7

Given a pandas df one can copy it before doing anything via:

df.copy()

How can I do this with a dask dataframe object?

cel
  • 30,017
  • 18
  • 97
  • 117
Michael
  • 347
  • 5
  • 13

4 Answers4

9

Mutation on dask.dataframe objects is rare, so this is rarely necessary.

That being said, you can safely just copy the object

from copy import copy
df2 = copy(df)

No dask.dataframe operation mutates any of the fields of the dataframe, so this is sufficient.

MRocklin
  • 55,641
  • 23
  • 163
  • 235
1

Dask creates internal pipelines of lazy computations. Every version of your dataframe is another layer of computations which are not computed until later.

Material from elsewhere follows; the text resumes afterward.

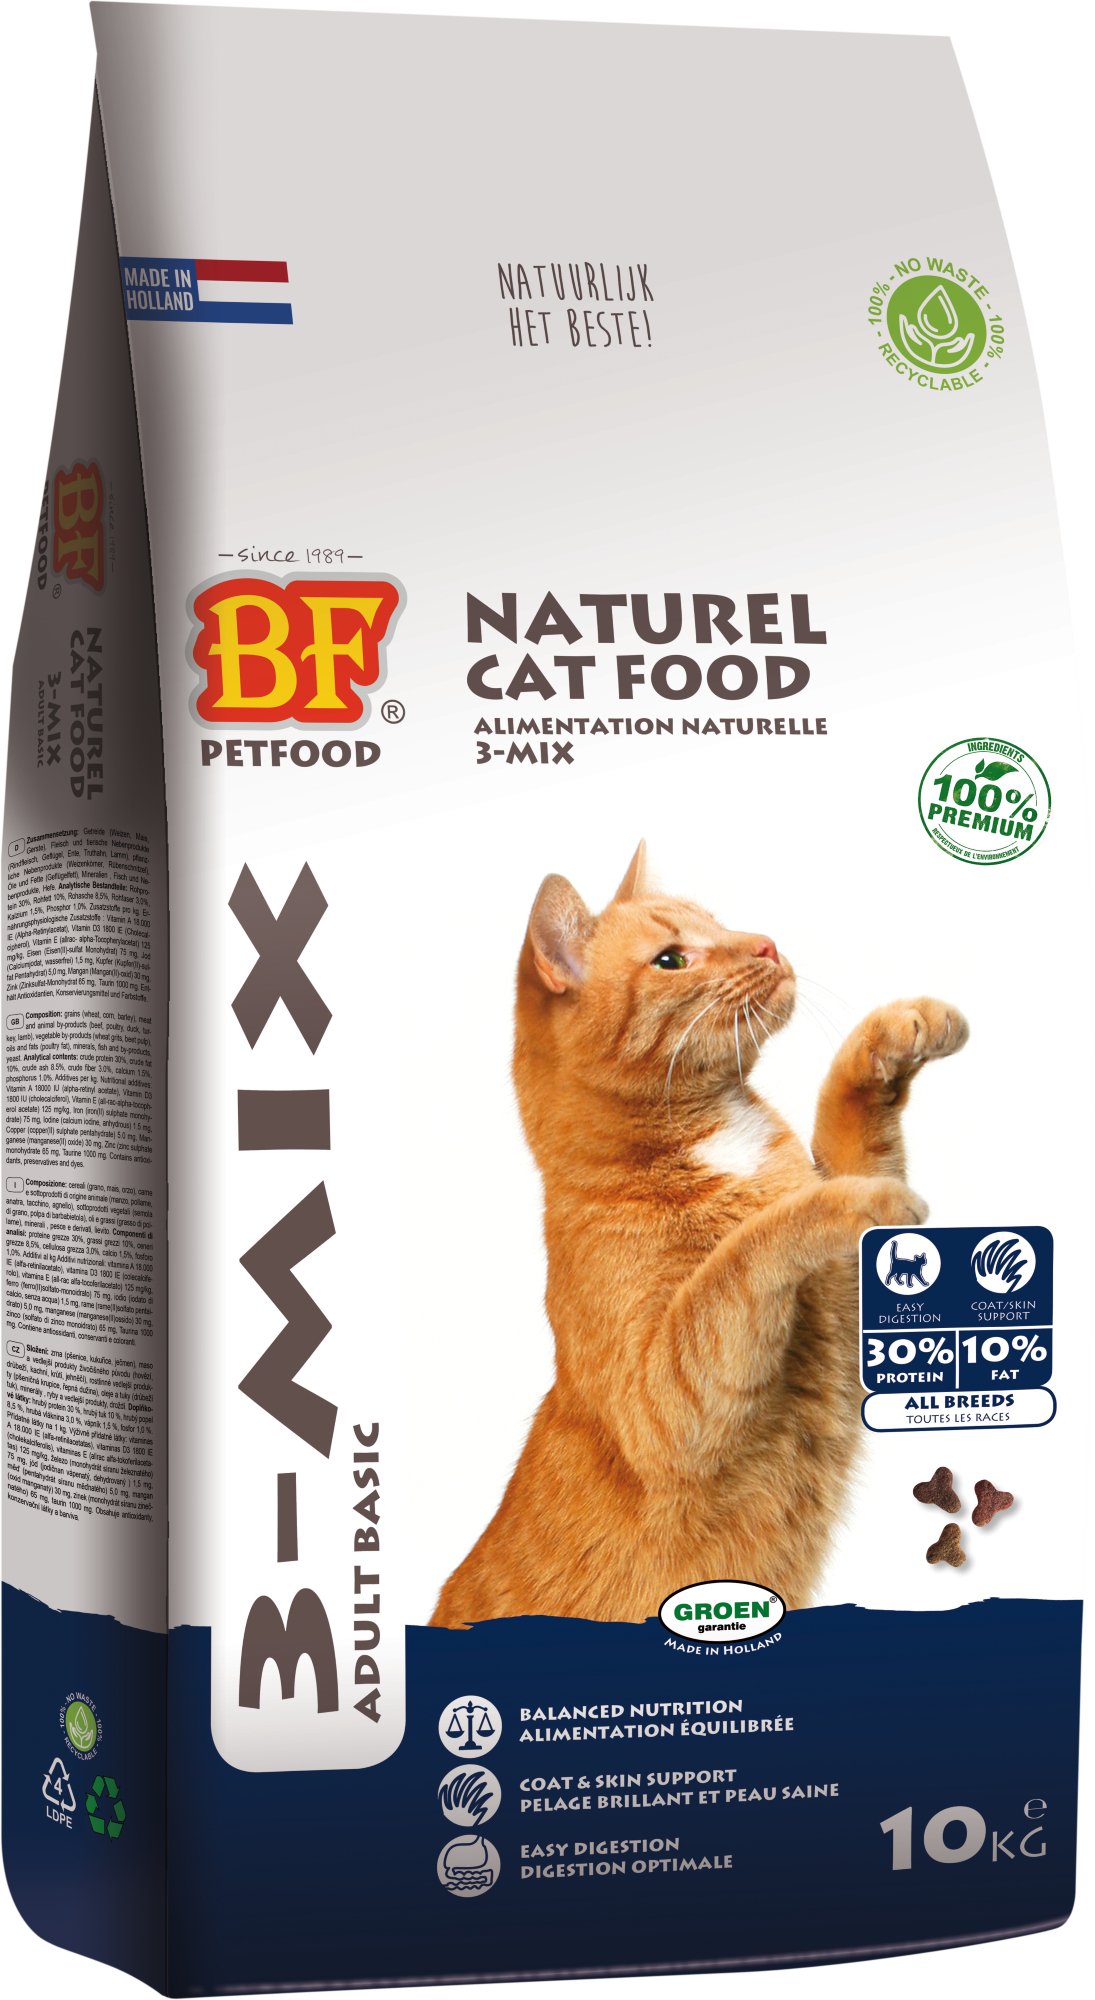 BF PETFOOD - BIOFOOD Croquettes 3-MIX 100% Naturais para Gato Adulto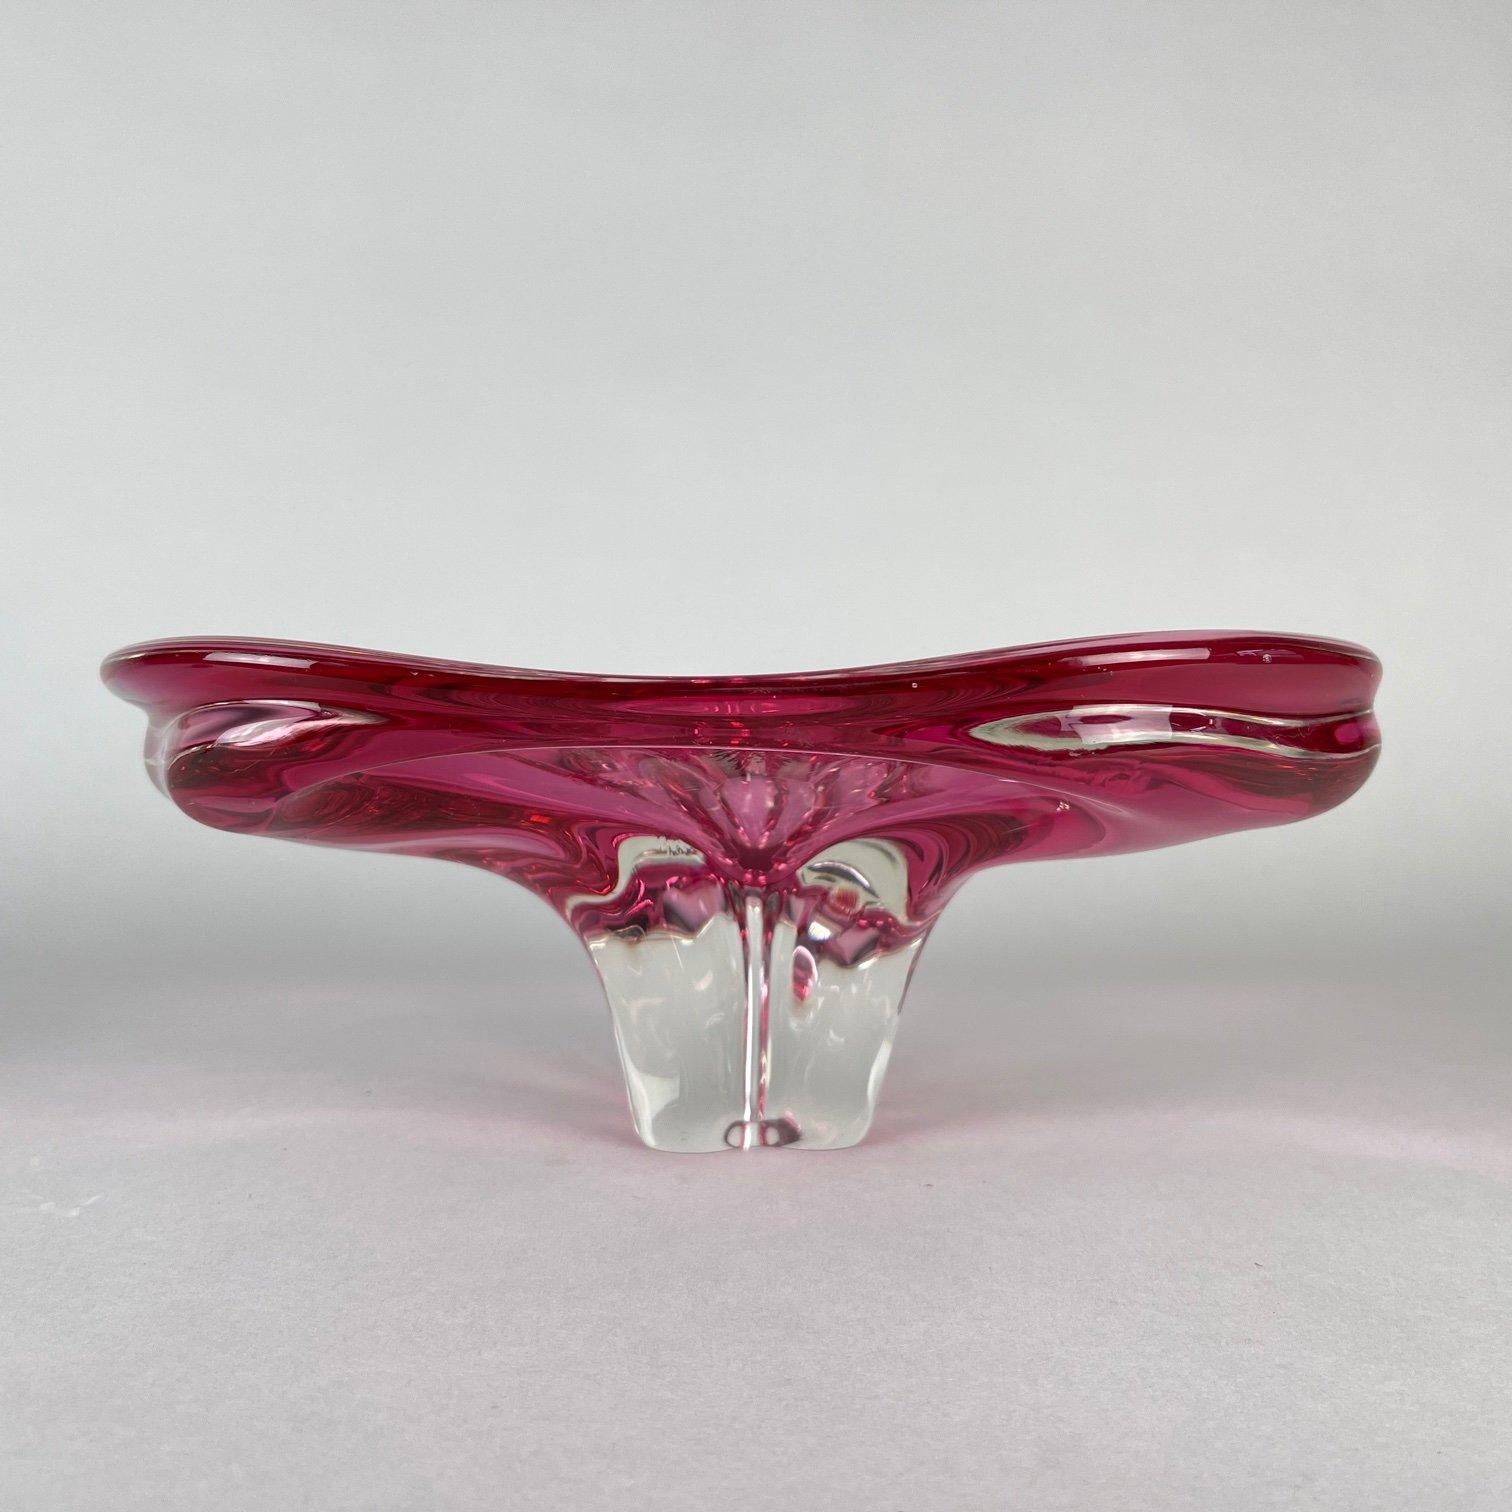 Art glass bowl by a designer Josef Hospodka, made in Chribska Glassworks in former Czechoslovakia in the 1960's.

You can branch from these computations by either copying it like @MRocklin suggests, then you're working on a brand new stack of computations, or you can continue on the same stack by doing:

df = df[df.columns]
André C. Andersen
  • 8,955
  • 3
  • 53
  • 79
1

It is possible you want to have two versions of your data, one after a mutation. There is a copy method on dask dataframes you can use; it likely does the same as python's copy.copy, but if feels safer (to me) to use the library maintainer's version.

import dask.dataframe as dd
ddf = dd.from_pandas(pd.DataFrame({'z': [1, 2]}), npartitions=1)
ddf2 = ddf.copy()
ddf2['z'] -= 10

print(ddf.compute())
print()
print(ddf2.compute())
   z
0  1
1  2

   z
0 -9
1 -8
HoosierDaddy
  • 720
  • 6
  • 19
-3

Write it to a file and read again:

import os
import dask.dataframe as dd

df = <Initial Dask Dataframe to be copied>
file = 'sample.csv'
df.to_csv(file)
df2 = df.read_csv(file)
os.remove(file)
Gaurav Dhama
  • 1,346
  • 8
  • 19